Hello everyone. I am one of those who wants to have limb lengthening surgery, or so called height surgery. Right now, I am 25 years old and 148 cm tall. My goal is not to be too tall, I want to have just a normal height. I’ve been looking for ways how to grow taller since the last year of high school. Up till now, I’d tried almost all height increasing products on the market before I decided to have this surgery; pills, medicines, insoles, limb lengthening books, pilates, stretching exercises, I even thought about taking hormonal medicines.
This is very dangerous and a potential cause of death. Why am I telling you this? I want to avoid you making the same mistakes and not to waste your time, your health, your money; Cause I’ve lost my years, my best times. No one whose growth plates are closed can lengthen his height with these methods; they are all fake and for commercial purposes. By nature, I’m a very positive person and never give up. That’s why I always try again. Although I could not get any results, I never gave height increasing up.
My high school life wasn’t good at all. While I was in school, I was thinking about going home and getting in bed as soon as possible. I was running away from the people. The main problem was not people who called me “short”, the only problem was with me. Shortness was a problem that affected my whole life; I was not feeling well, I was bothering the clothes I wore.
Most importantly, I did not love myself. It prevented everything I wanted to do. Some years ago, I found out about limb lengthening surgery on the internet when I was in the last year of high school. I also watched some TV programs about this surgery, and then I started to research.
I have read that the height surgery is both very expensive and risky, because of this I gave up trying to increase my height. On the other hand, I wanted to feel better. I found a way out of this situation, I’ve bought some height increasing insoles and use them to look taller. I always prefer long and loose pants in order not to be apparent from the outside. I have never worn skinny pants. This way, I felt better, but up to a point, of course. Especially in summer, I could not wear flip-flops or I had to buy closed summer shoes all the time.
I would not like to visit anybody, because I thought if I would take off my shoes, the insoles inside of my shoes might appear and people make fun of me. I have not told you about all difficulties which I have been through in. Cause of my stature, I have not even gone to university. I am currently continuing my study with open education, I am a second-year student in the department of justice.

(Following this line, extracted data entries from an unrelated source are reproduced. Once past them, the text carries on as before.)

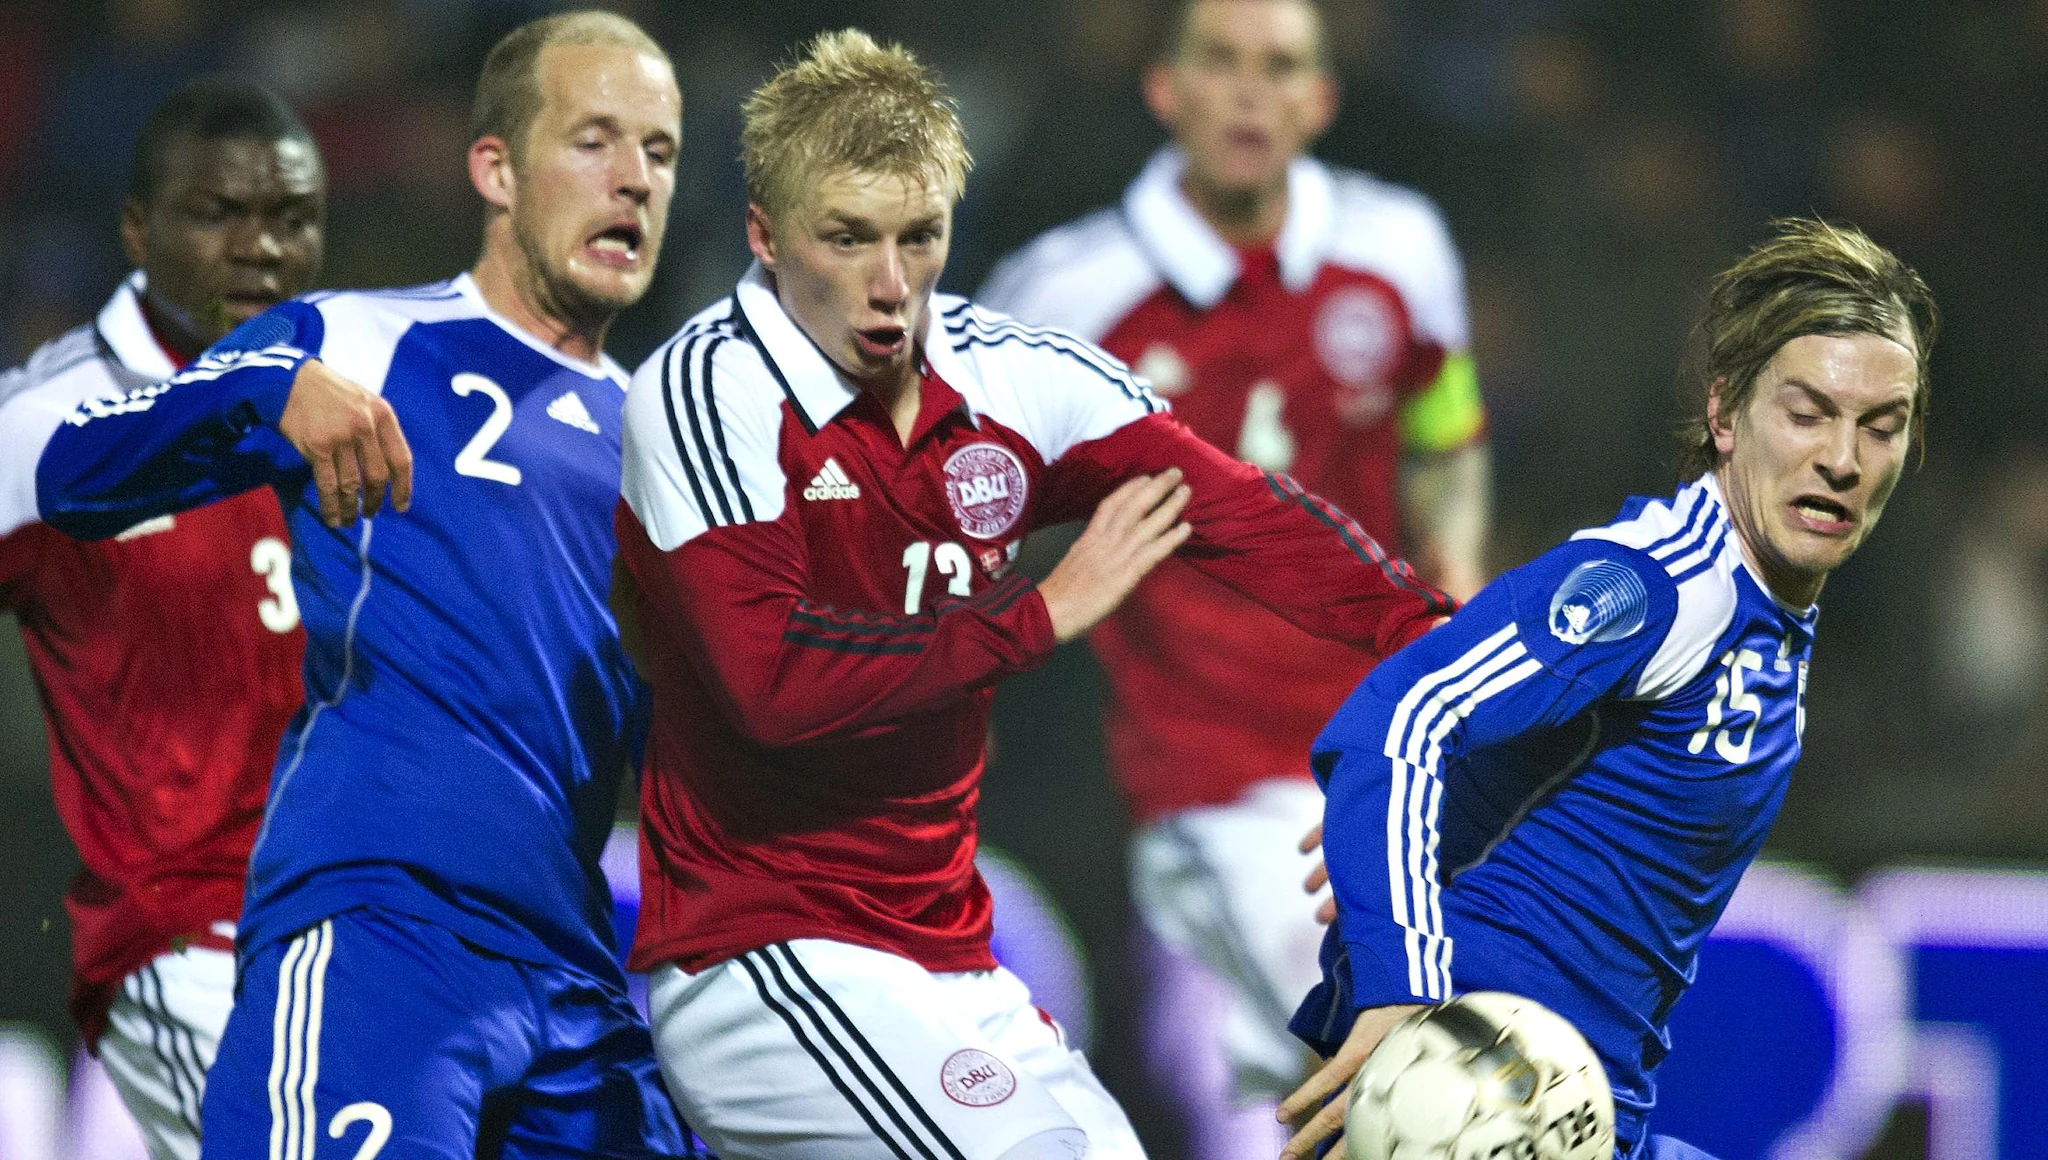 Denmark vs. Finland Preview & Betting Lines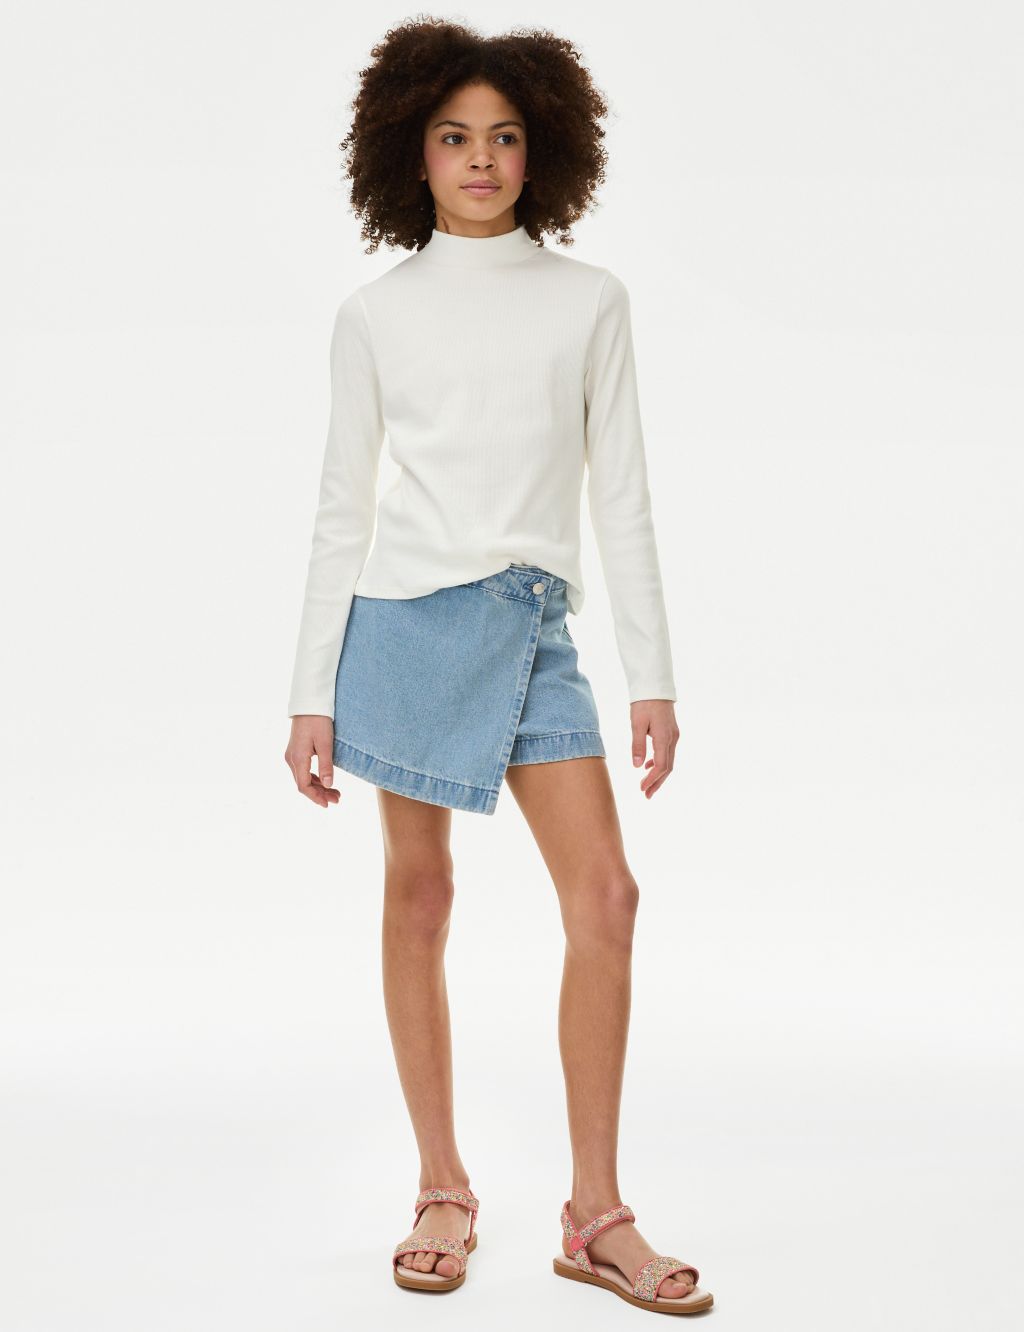 Cotton Rich High Neck Top (6-16 Yrs) image 1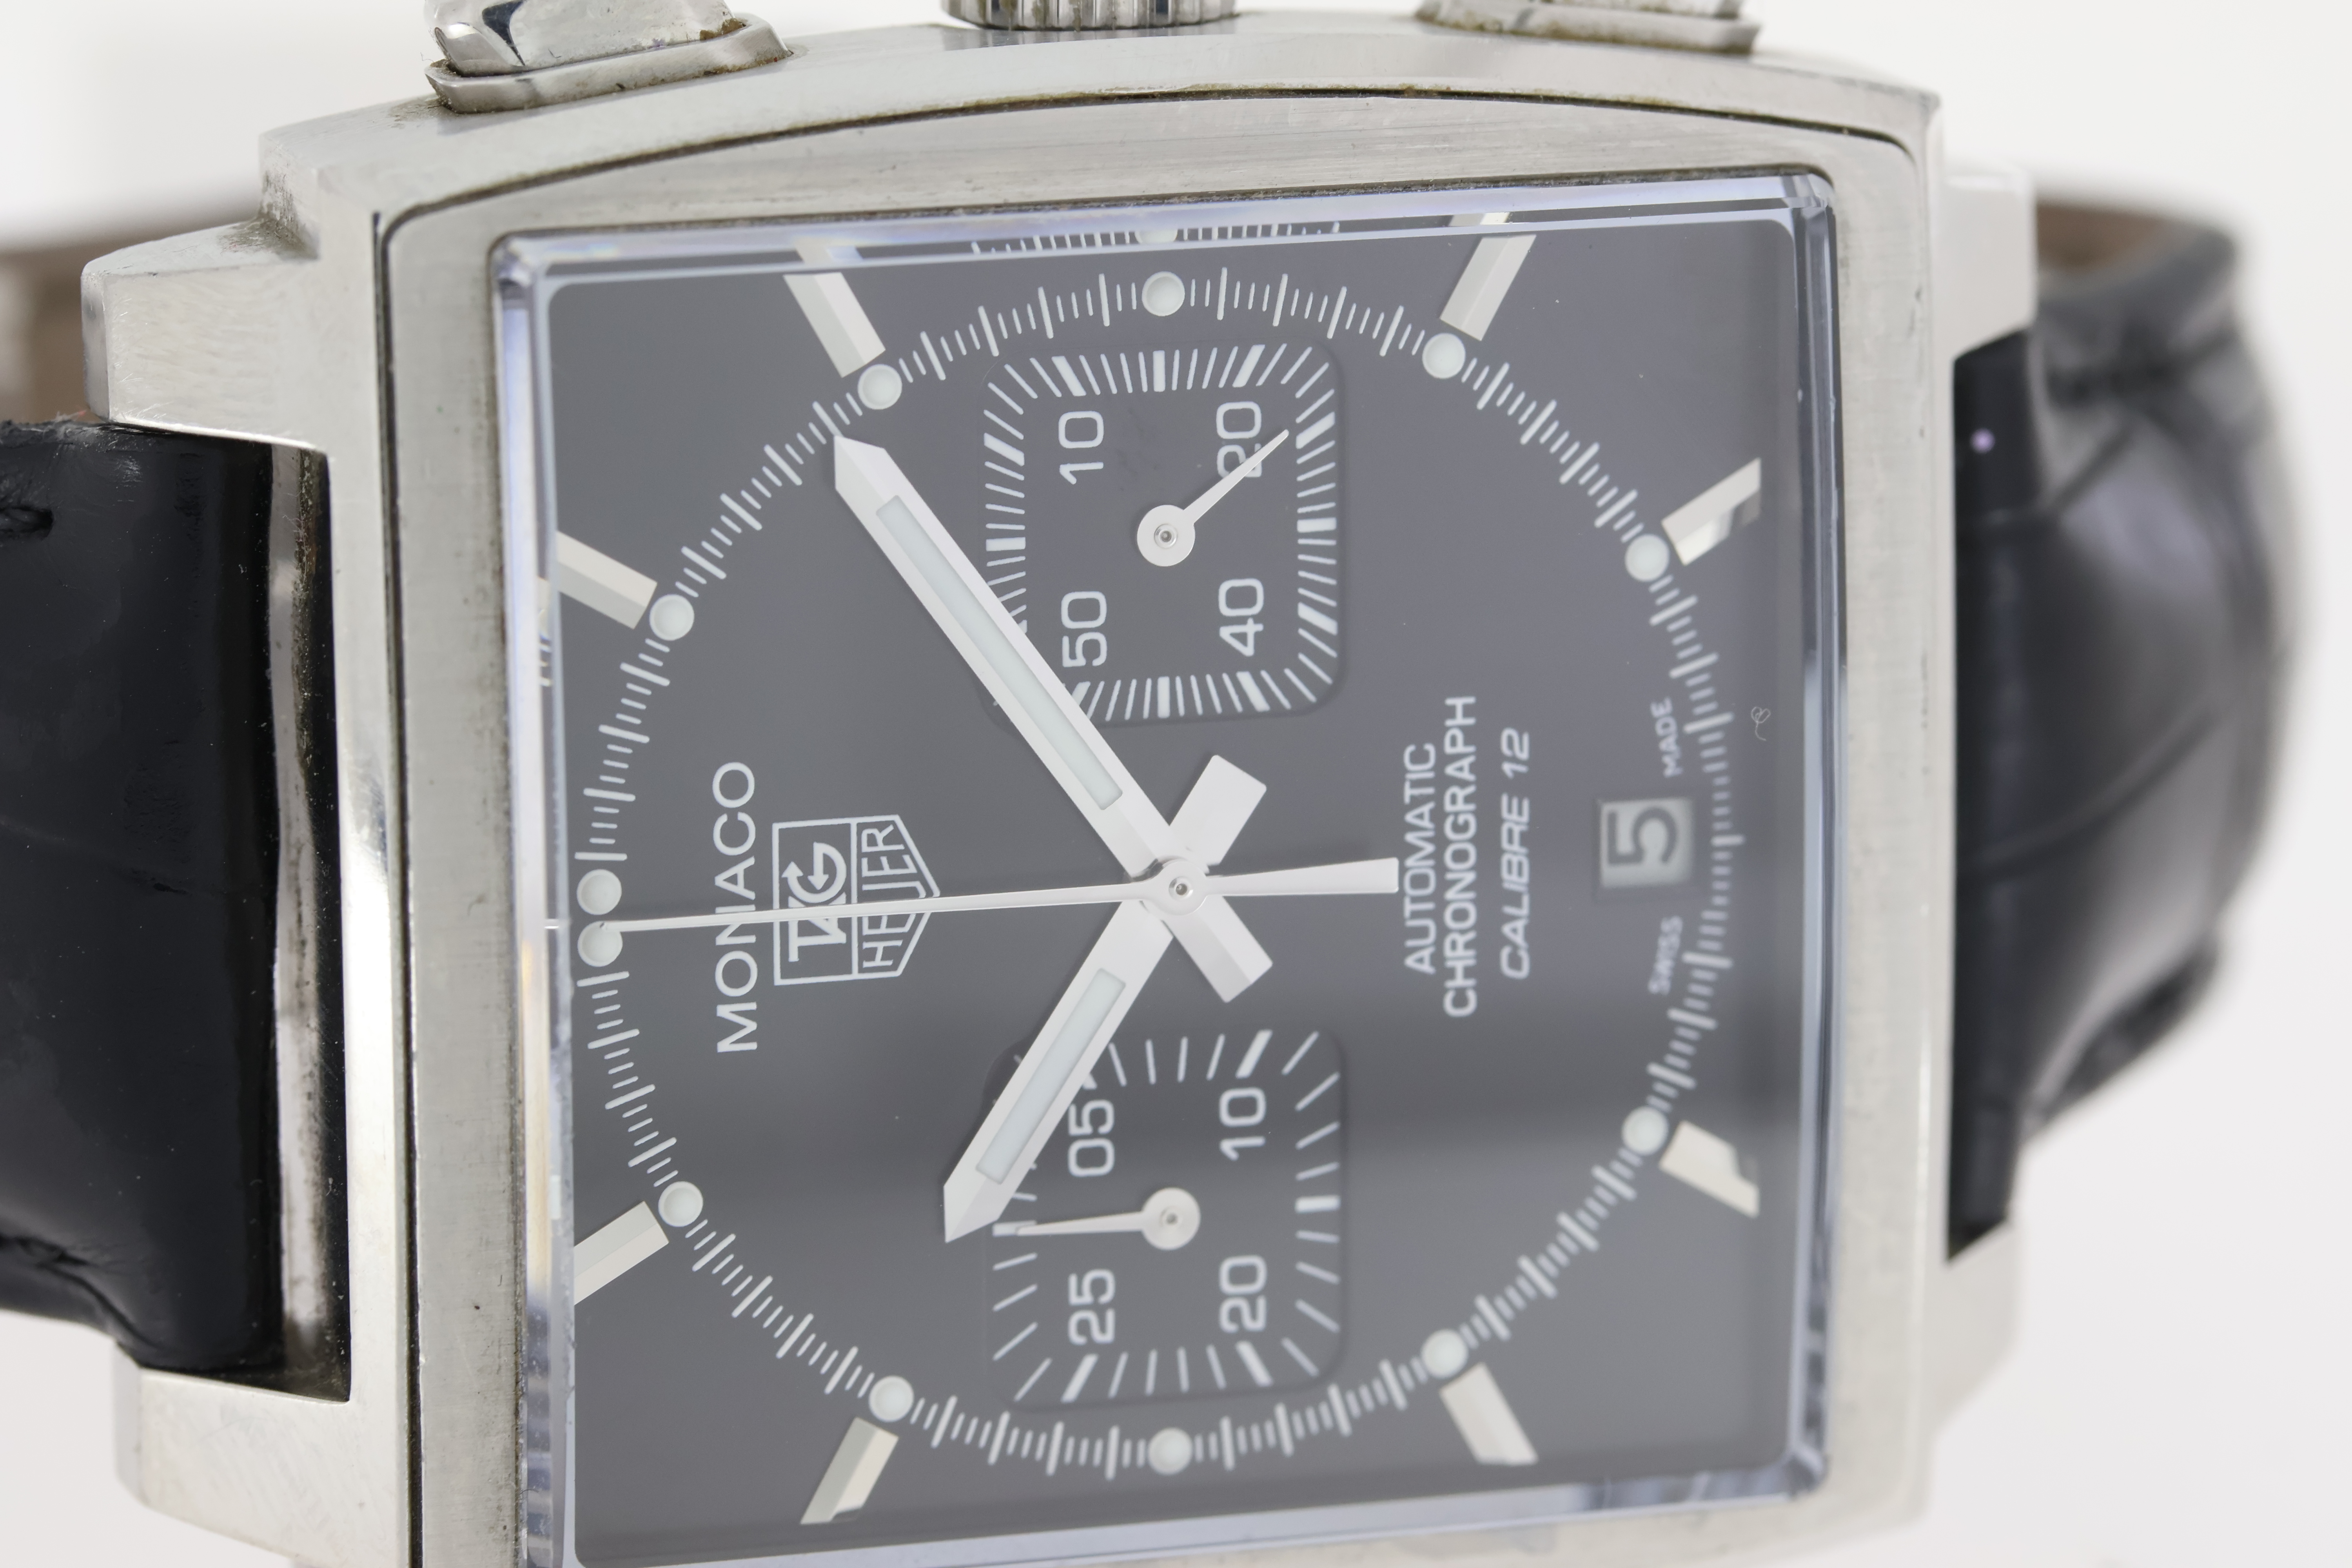 TAG HEUER MONACO CHRONOGRAPH REFERENCE CAW2110 WITH BOX - Image 3 of 4

I would want I was used to being short, but could not manage it. I was always dreaming; I thought that if I would have a lot of money, no matter how old I was, I would have surgery and make my dreams come true. When people were asked what is your life’s biggest dream, everyone answered different things, when I was asked, I said that I want to be taller, whether if I had anything else. Of course, I just said it to myself ???? When I’m tall, all the doors already will be unlocked, and I’ll feel better. I will wake up happy every morning. I will go to work, outside and socializing happier, but if I can’t grow taller, I will live my life postponing something.
“For me, to lengthen my height is like the taste we get from food, water, love…”
I have a dream. It’s found a remedy to make my dream come true, but I can’t achieve it.
I decided to research about the latest developments in height surgery, and coincidentally, I met the Patient Guidance Counselor on this site and realized that I’ve not known anything about this surgery until now. He was a man who had gone through all these procedures and lengthened his height. I can say it was light in my darkness. That moment, I can not explain how I was happy, there is no way to describe it…
I would like to thank to the Patient Guidance Counselor that he answered my questions without being bored, and informed me of developments. It’s nice to have someone who understands me! I postpone my best times until this age, I fooled myself and my years are gone, this is very saddening… I will not postpone my life anymore, I need it to get a taste of life.
I’ve started saving money for my surgery, I will receive a loan for some part of the money from a bank and will have height surgery in Baku.
“I can’t bring back my lost years, but my future is in my hands. I want to do something for myself.”
I know that there are many people like me, I will try to help everyone as much as I can and keep you informed even a little way. I’m going to achieve my dreams step by step and I’m so happy. I’m still dreaming but this time I’m trying to be used to being tall on the contrary. The moment I get out of surgery and open my eyes will be my “birthday”. Because this is my biggest dream!